→ Data block:

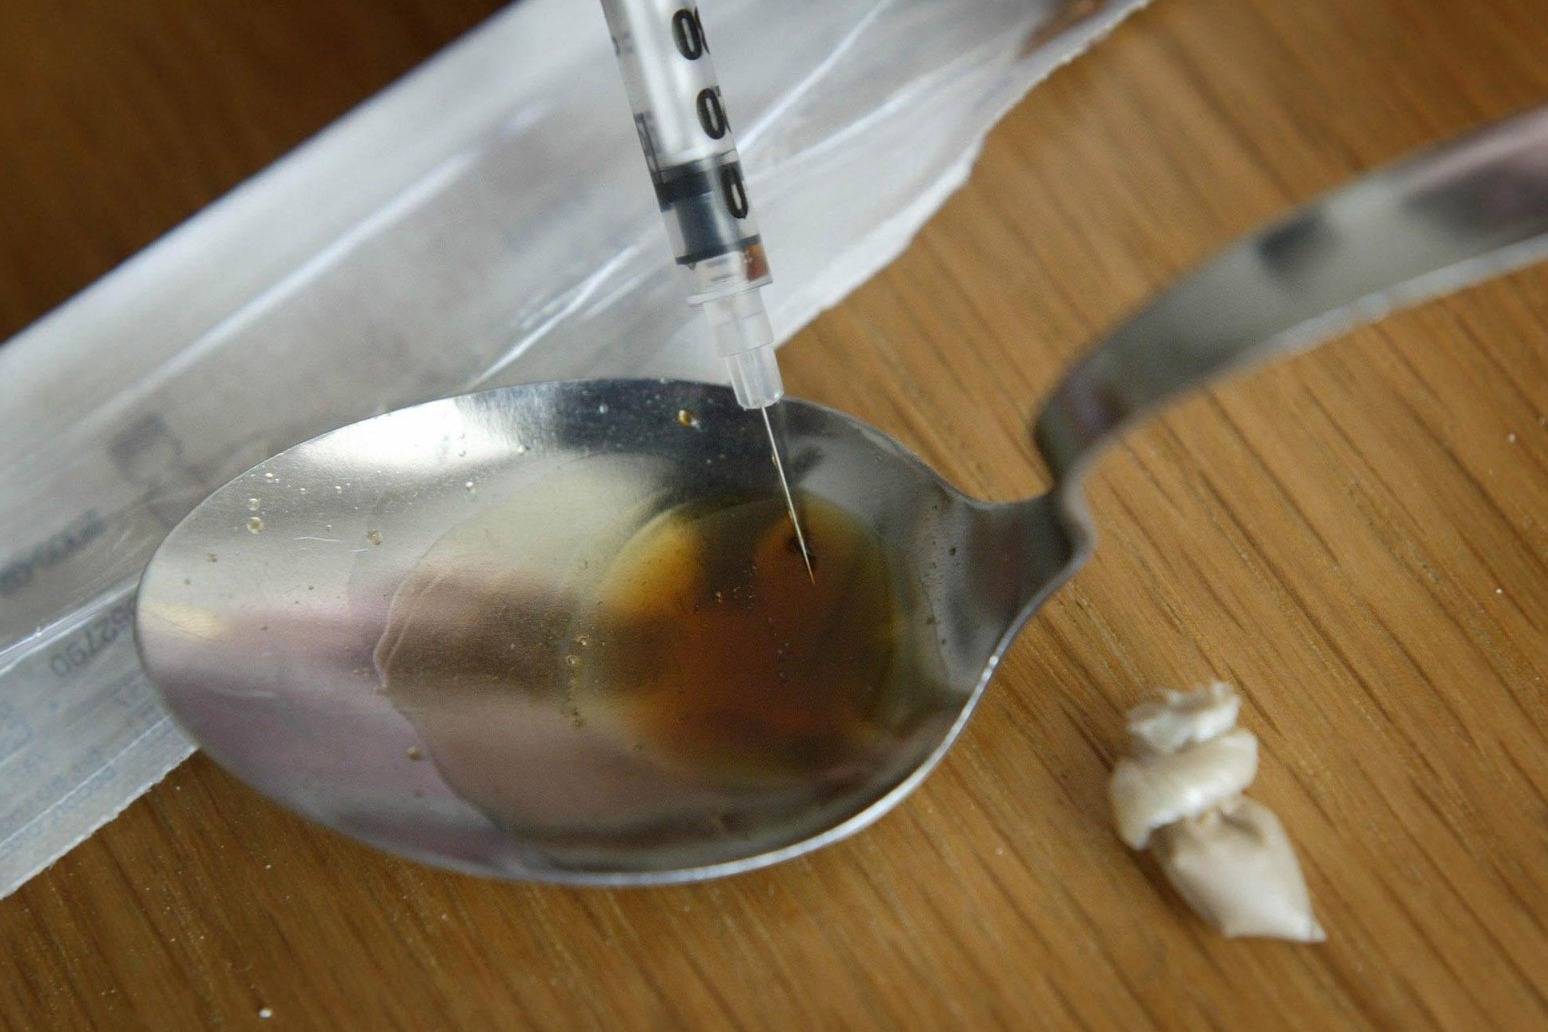 UK’s first drug consumption room enabling supervised injection approved 
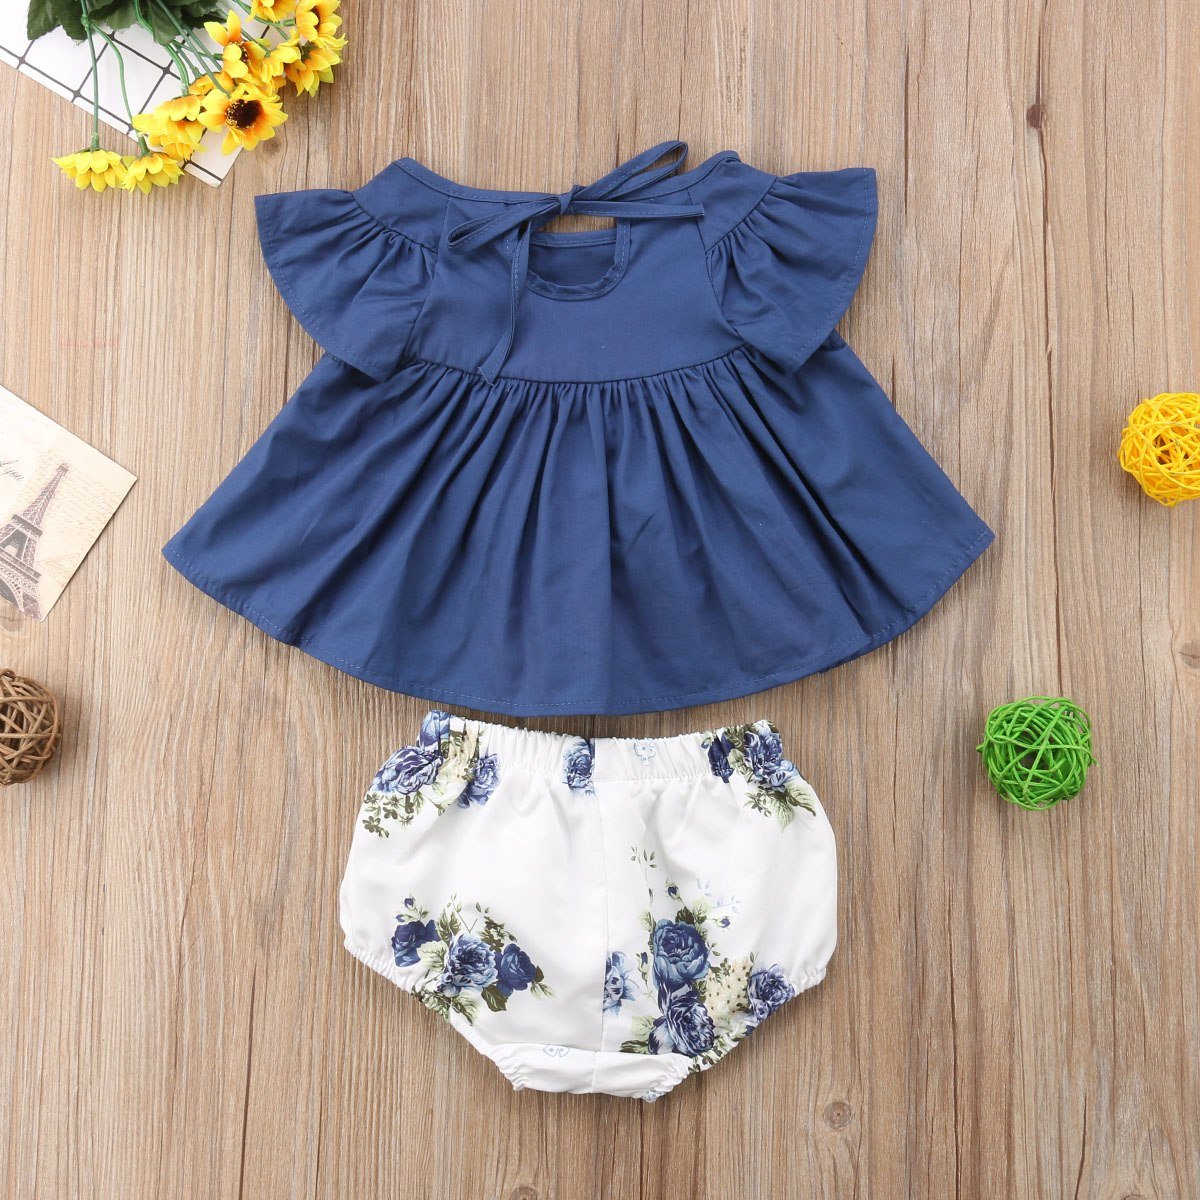 Dress and bloomers ser - Adorable Attire
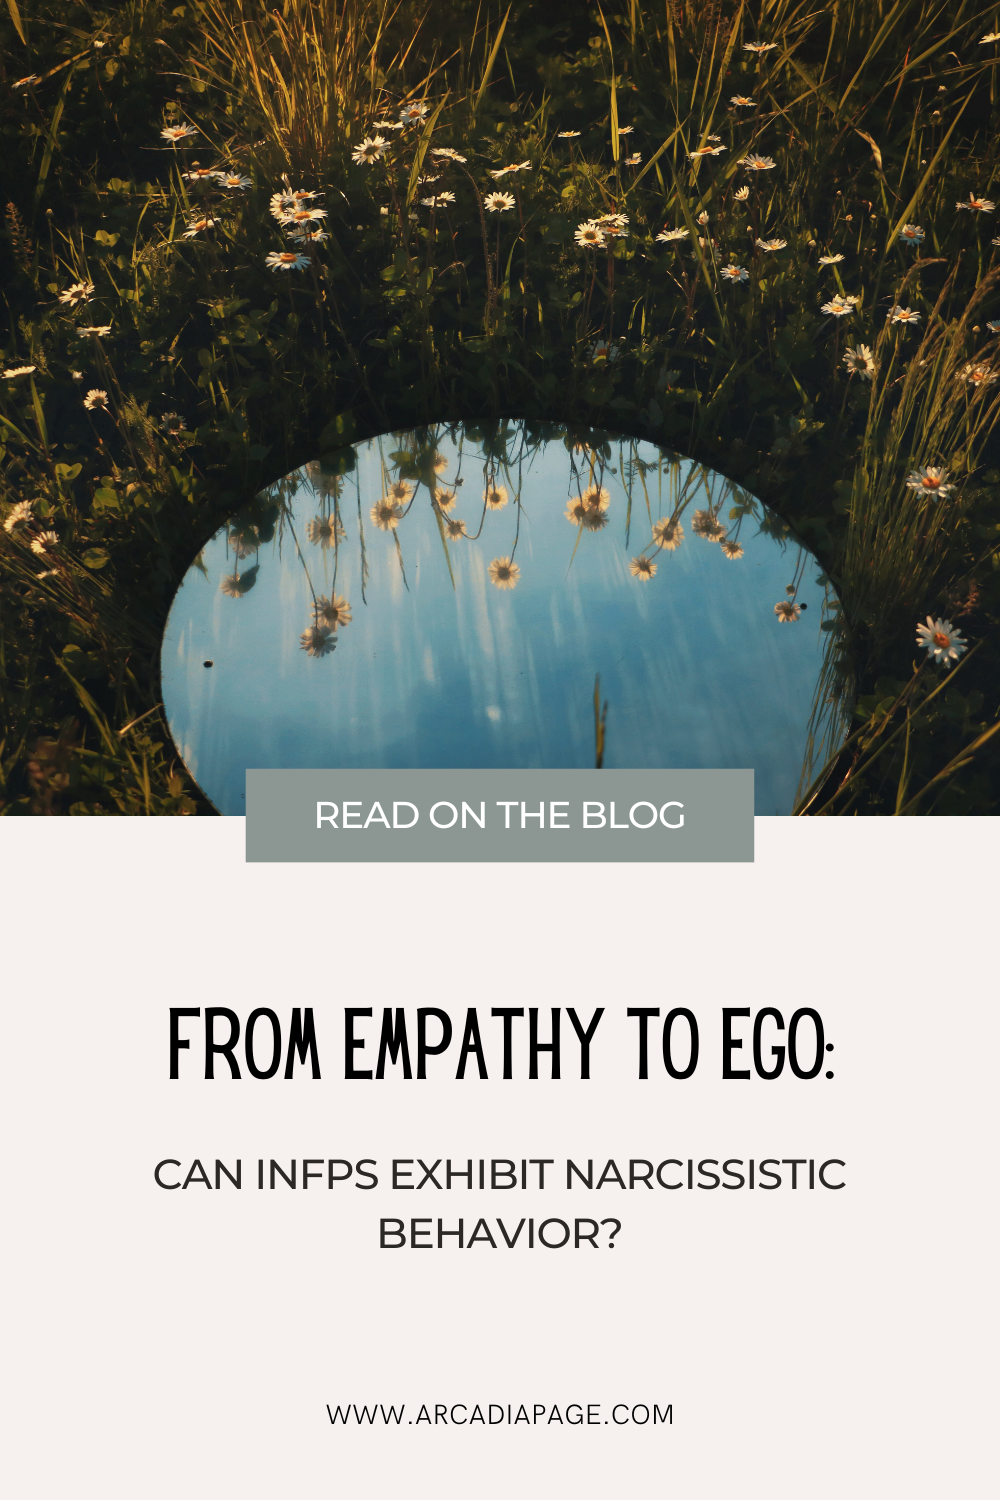 INFP ego, empathy and narcissism

→ Problem statement: Every line above goes into the copy unchanged; the pictures do not.

→ Output for this task:
 UK’s first drug consumption room enabling supervised injection approved 
 Dress and bloomers ser - Adorable Attire
 INFP ego, empathy and narcissism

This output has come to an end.